WORK INSTRUCTION
The lines in the listing below are to be given again exactly, starting at the line holding "Kulüp Avukatımız Naim" and ending at the line holding "Le avventure dell'investigatore". Do not include pictures.

RECORDS FOR THE EXERCISE
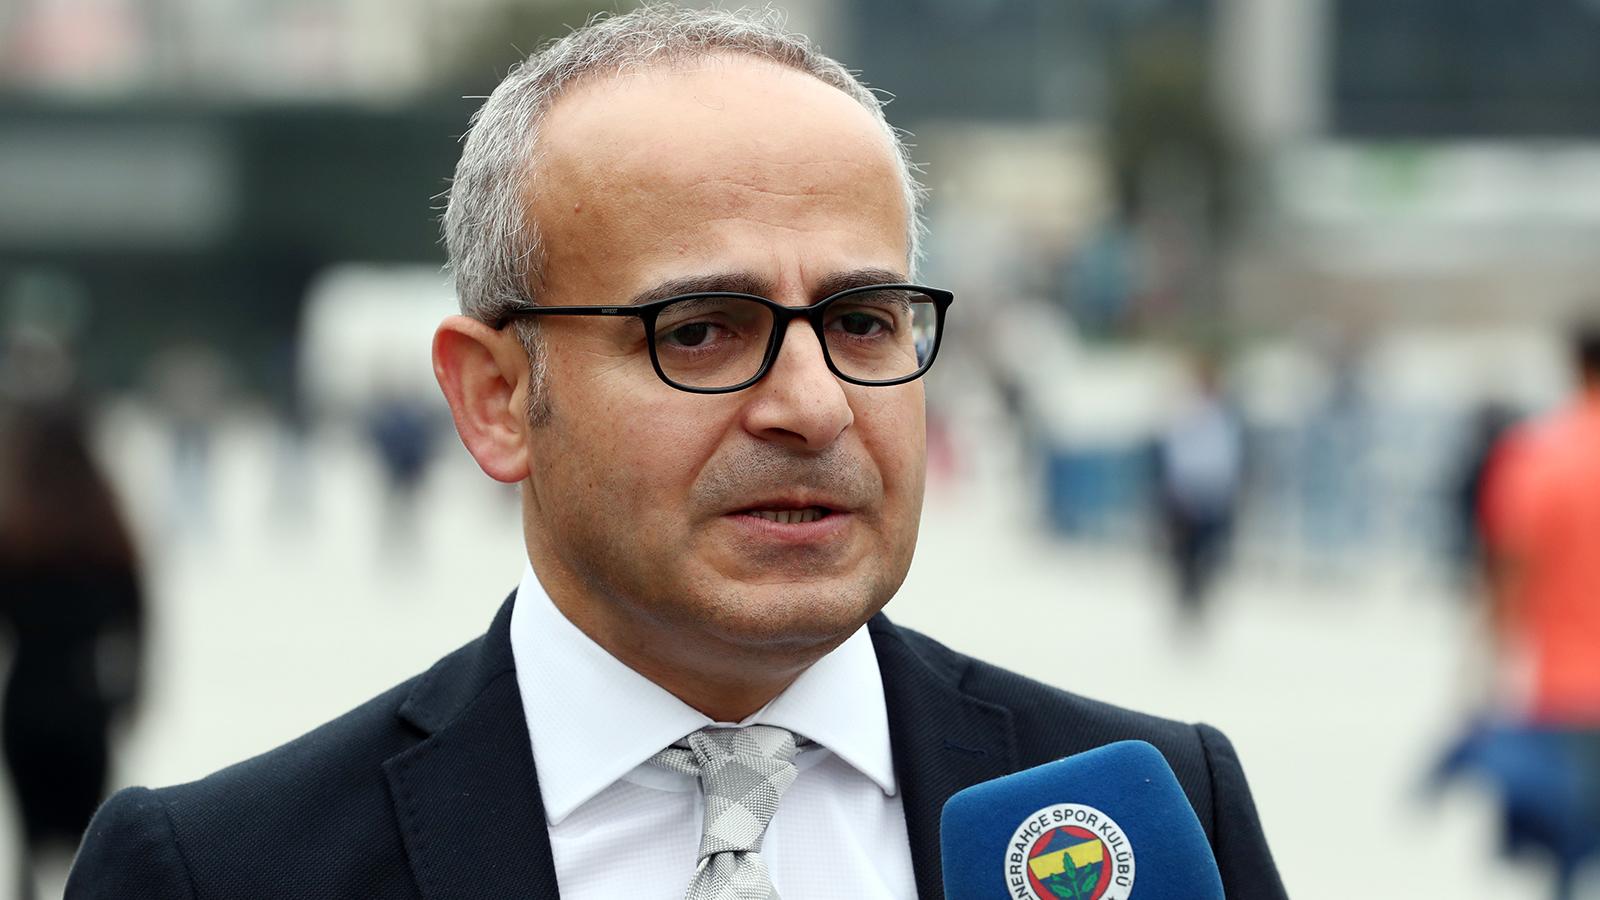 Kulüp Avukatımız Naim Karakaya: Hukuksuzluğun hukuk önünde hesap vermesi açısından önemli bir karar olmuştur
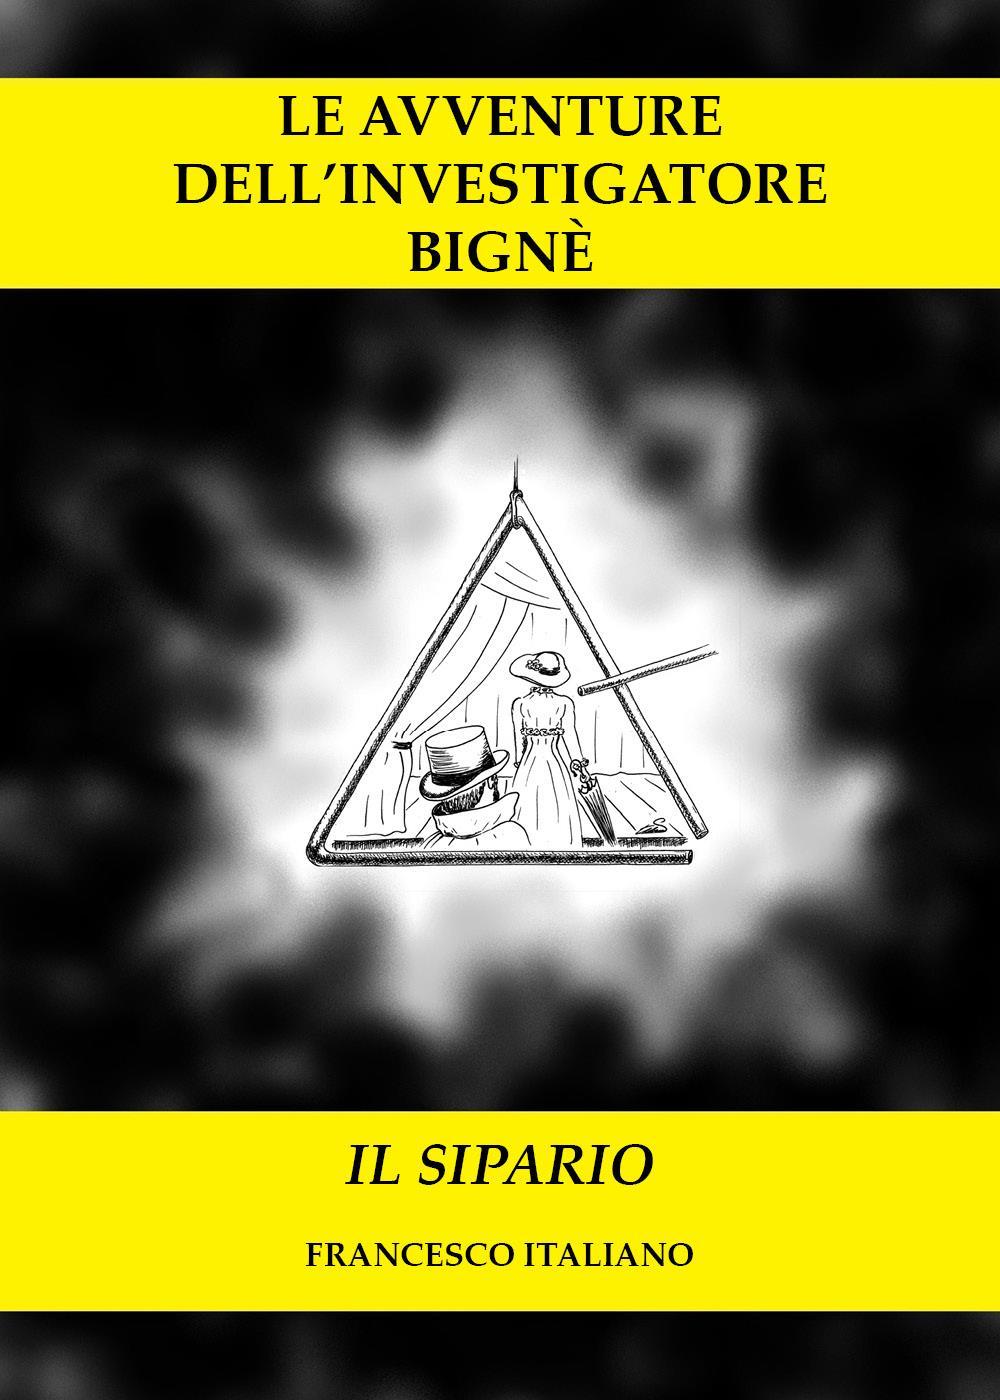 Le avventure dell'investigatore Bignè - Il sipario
---
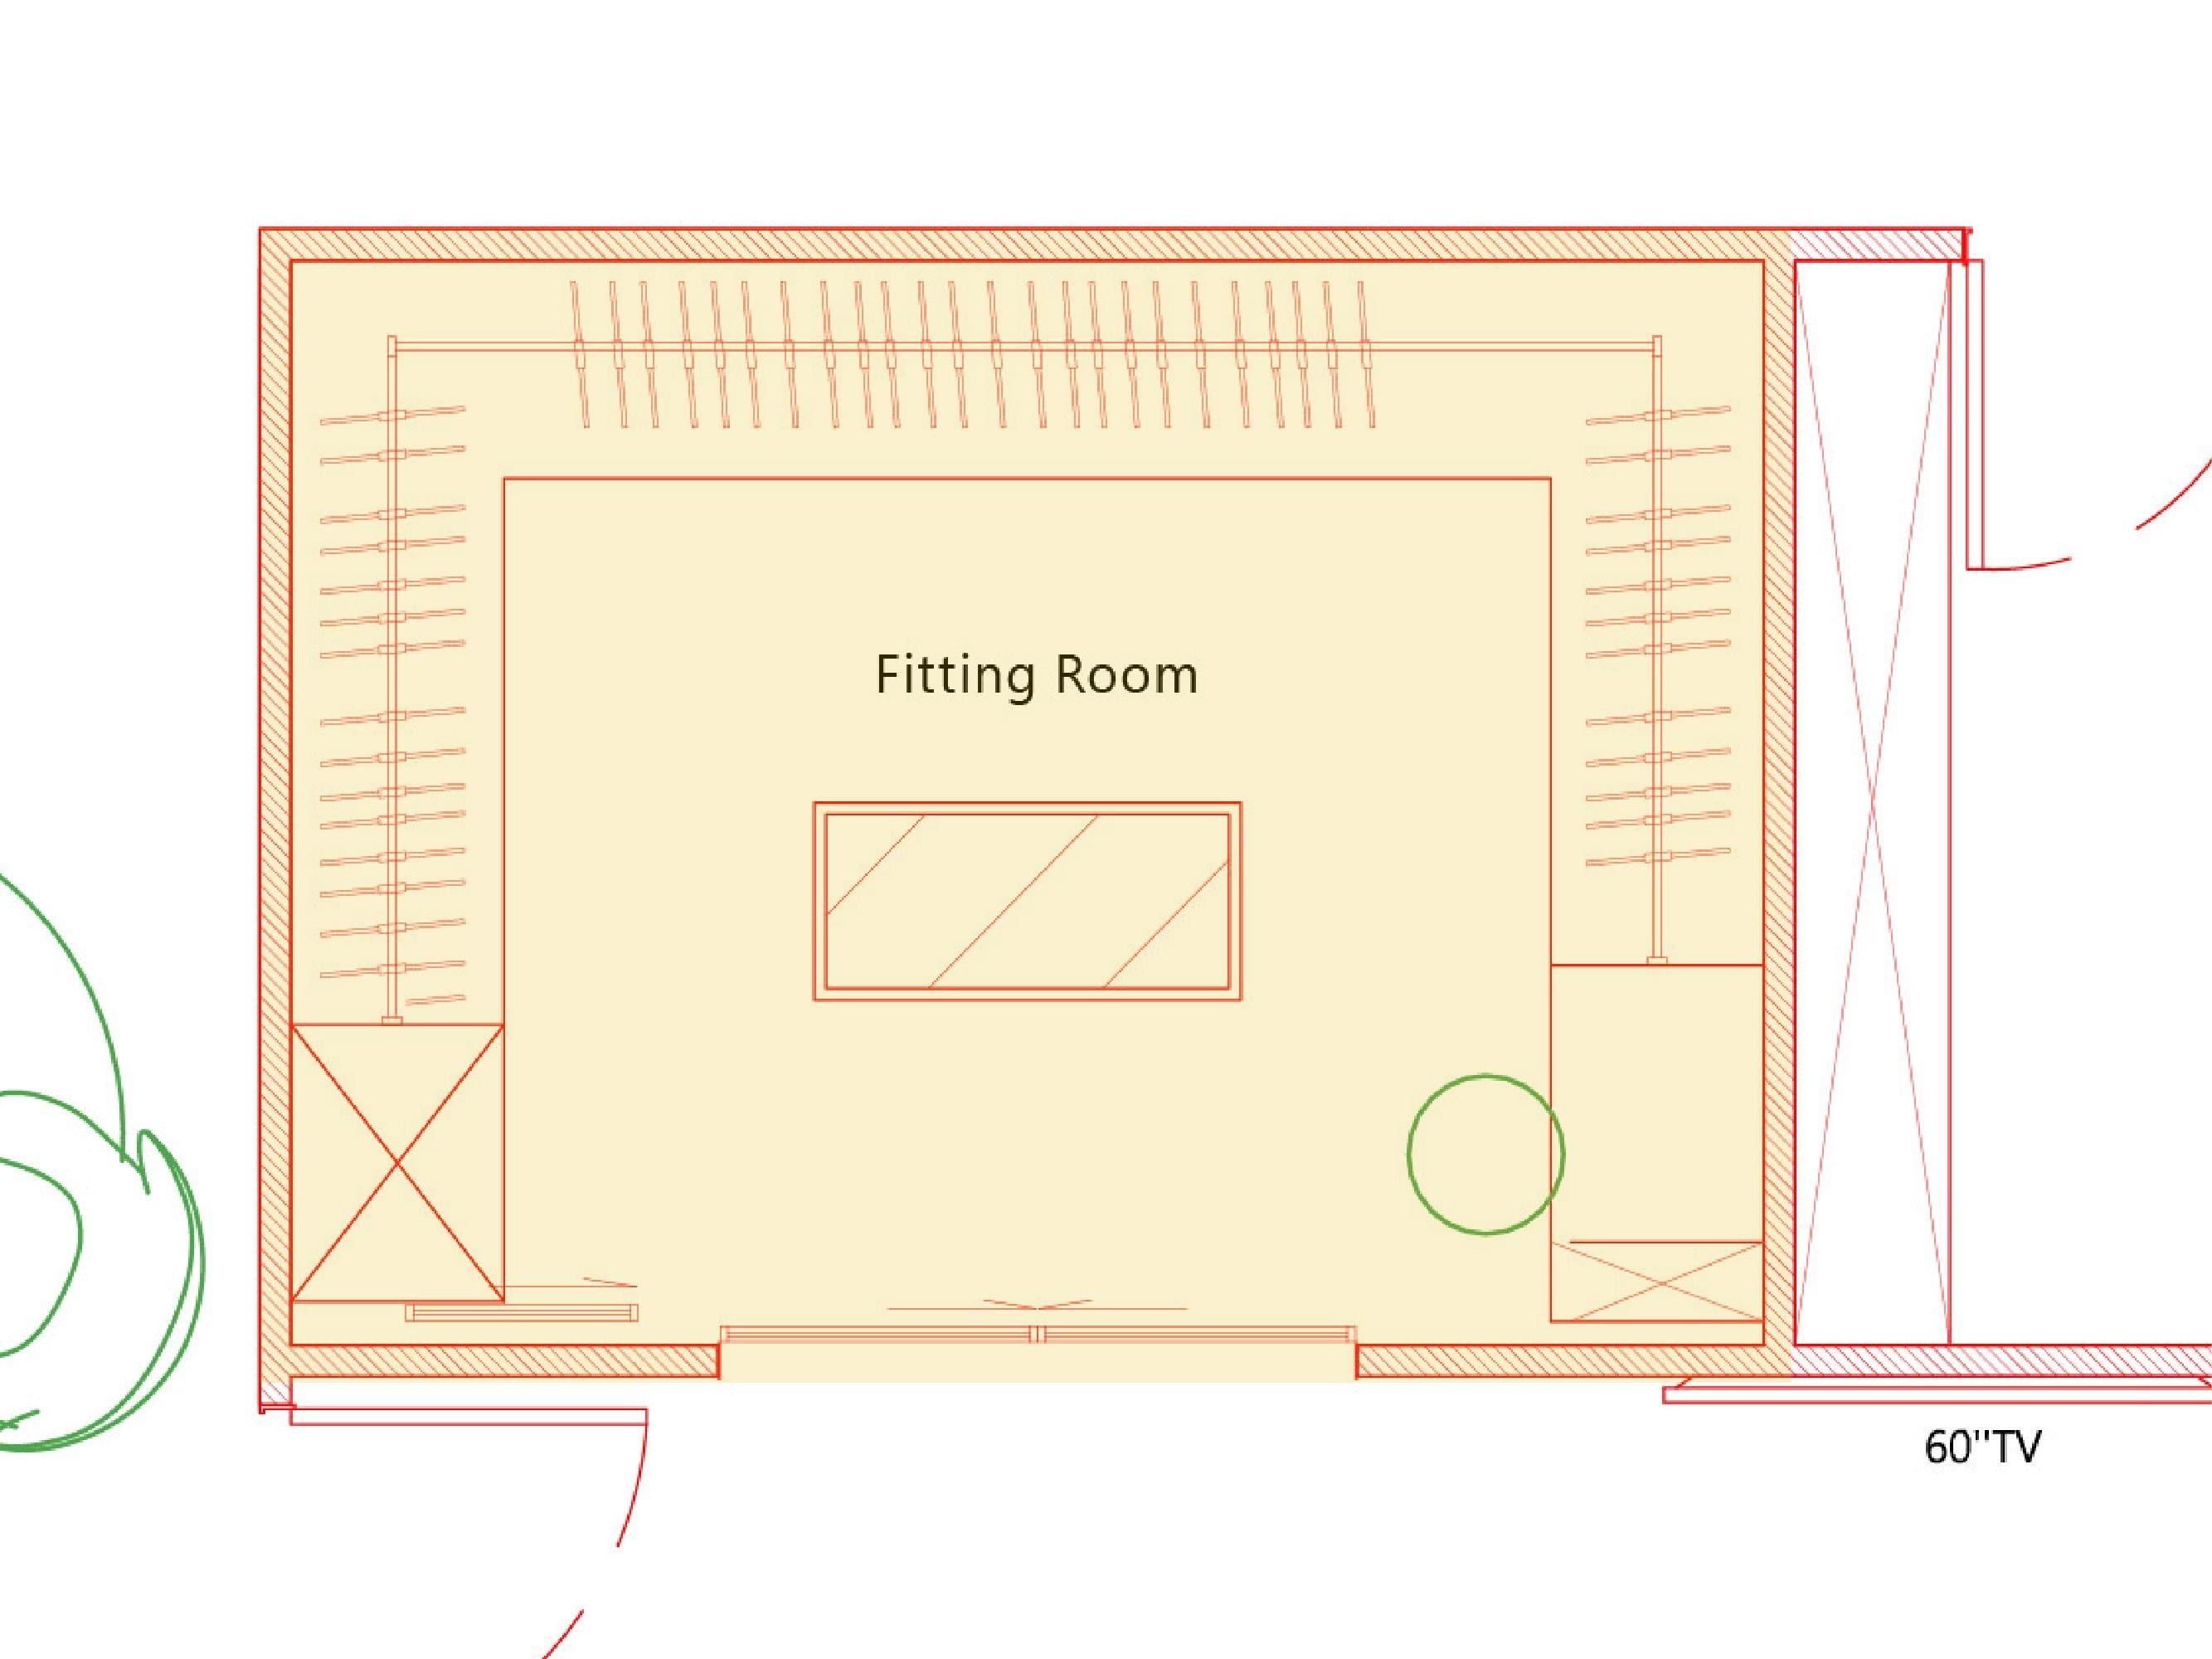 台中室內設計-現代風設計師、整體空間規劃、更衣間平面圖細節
---
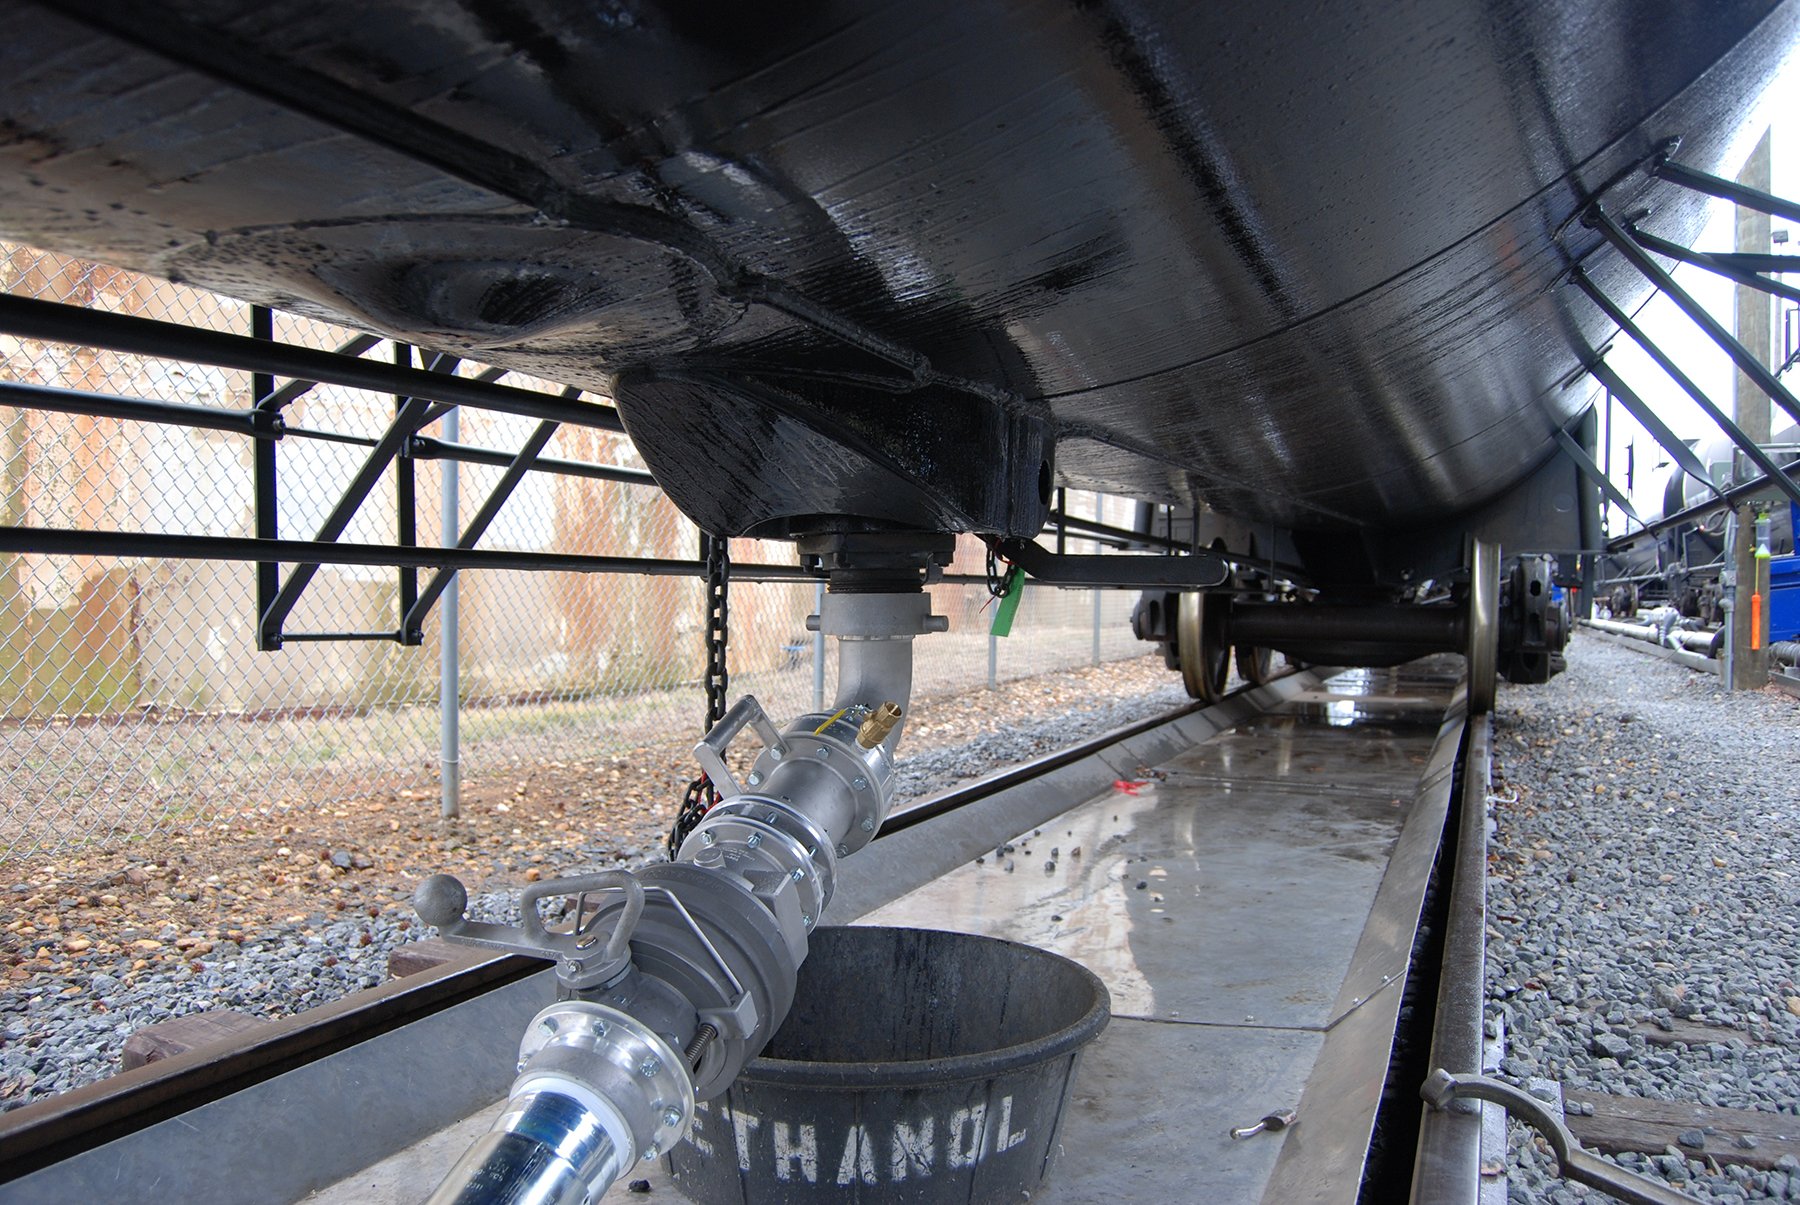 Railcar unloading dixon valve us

ANSWER TO THIS PROBLEM
 Kulüp Avukatımız Naim Karakaya: Hukuksuzluğun hukuk önünde hesap vermesi açısından önemli bir karar olmuştur
 Le avventure dell'investigatore Bignè - Il sipario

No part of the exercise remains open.